2 Boom cyls (one each side)<<<I didn't see those ones before, do they same thing as this one?>>>>>> 1 Stick(dipper) cyl Next time I see a backhoe I'll take a closer look, to me sounds like that tractor has overdosed on hydraulic cylinders.

"One of the LEAST fun parts of rebuilding these cylinders (especially the smaller ones) is getting those inner seals distorted enough to go back into their grove inside the gland - (see item #6 in the previous exploded view)" <<<<<<I think if I had that many cylinders to do I'd definitely get that seal twisting tool if I knew what I was doing to begin with.

"I found I could really use 3 SMALLER but STRONGER fingers"<<<<<<Maybe all you need is a cup of coffee>>>>>>> The Anybody Want Coffee Guy - YouTube
 
/ Container Weld Shop build -
  • Thread Starter
#324  
"Ok first and foremost question is how exactly does that self leveling cylinder suppose to work"

There ya go again, I just asked ya NOT to ask me :confused2: - actually, I DO know how it works; just not how to explain it well enough in a short time, and I gotta get up fairly early manana and go get a spare motor for the manlift; but I'll give it a shot manana sometime...

"2 Boom cyls (one each side)<<<I didn't see those ones before, do they same thing as this one?>>>>>> 1 Stick(dipper) cyl Next time I see a backhoe I'll take a closer look, to me sounds like that tractor has overdosed on hydraulic cylinders."

Only by one or two; it is one of the earlier construction type hoes, newer ones went to a single boom cylinder that's bigger diameter, makes plumbing simpler -

Think of a backhoe as just part of a human body - if you plant your feet (stabilizers) and twist your body at the waist (the turret, ran by the swing cyls) you can rotate.

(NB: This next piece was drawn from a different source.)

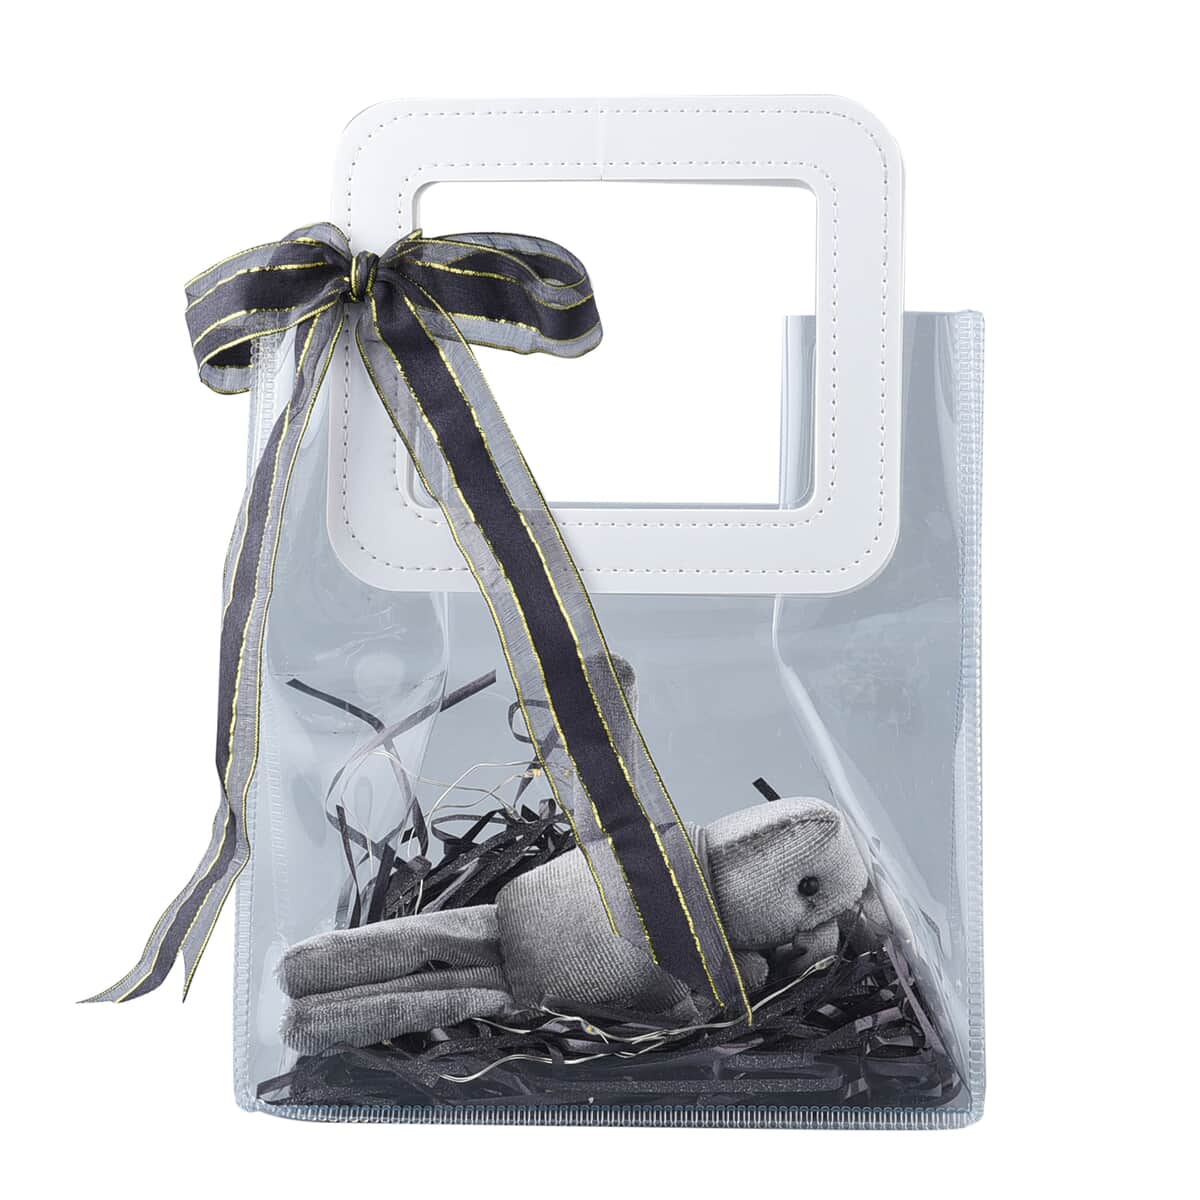 Black Gift Bag with Little Rabbit Doll, Ambient Lighting and Raffia (6.89"x3.74"x7.68") image number 0

Now, check out your ARM - the upper arm bone (the boom) has its own "muscles" to raise or lower - then the lower arm bone(s) have THEIR muscles (AKA cylinders) and finally, your wrist and hand (the bucket) needs ITS "muscle", AKA cylinder- so at the very least, a hoe needs THREE cylinders just for its "ARM" - Then there's one more cylinder for each "leg"/stabilizer, and the two SWING cylinders to rotate the entire "arm" so you can dump where you're NOT digging :thumbsup:

Chew on that a bit, and we'll get into self-leveling manana... Steve
 
/ Container Weld Shop build - #325  
Ok first and foremost question is how exactly does that self leveling cylinder suppose to work...........
It is physically connected to the lift circuit so it moves in and out when the arms go up and down, but it is also hydraulically connected to the bucket cylinders.
As such, when the loader arms go up, it forces the leveling cylinder to extend which moves enough hydraulic fluid to make the bucket dump just enough to stay level (in theory).

Aaron Z
 
/ Container Weld Shop build -
  • Thread Starter
#326  
Aaron, that's at LEAST as clear and concise an explanation as I coulda managed even when I'm NOT sleep-deprived - thanks...

And you're correct about the "in theory" part; mine doesn't quite live up to the theory, so I'm hoping that when that particular "alligator" gets to the top of the pond, a new kit will move theory and fact closer together :rolleyes: ...Steve
 
/ Container Weld Shop build - #327  
It is physically connected to the lift circuit so it moves in and out when the arms go up and down, but it is also hydraulically connected to the bucket cylinders.
As such, when the loader arms go up, it forces the leveling cylinder to extend which moves enough hydraulic fluid to make the bucket dump just enough to stay level (in theory).

Aaron Z
Ok connected to the hydraulic system, that makes some since, I mean when I see it connected to the FEL like the lift cylinders are, I was thinkinking that makes no since how can that keep the bucket level while lifting...........
 
/ Container Weld Shop build - #328  
"Ok first and foremost question is how exactly does that self leveling cylinder suppose to work"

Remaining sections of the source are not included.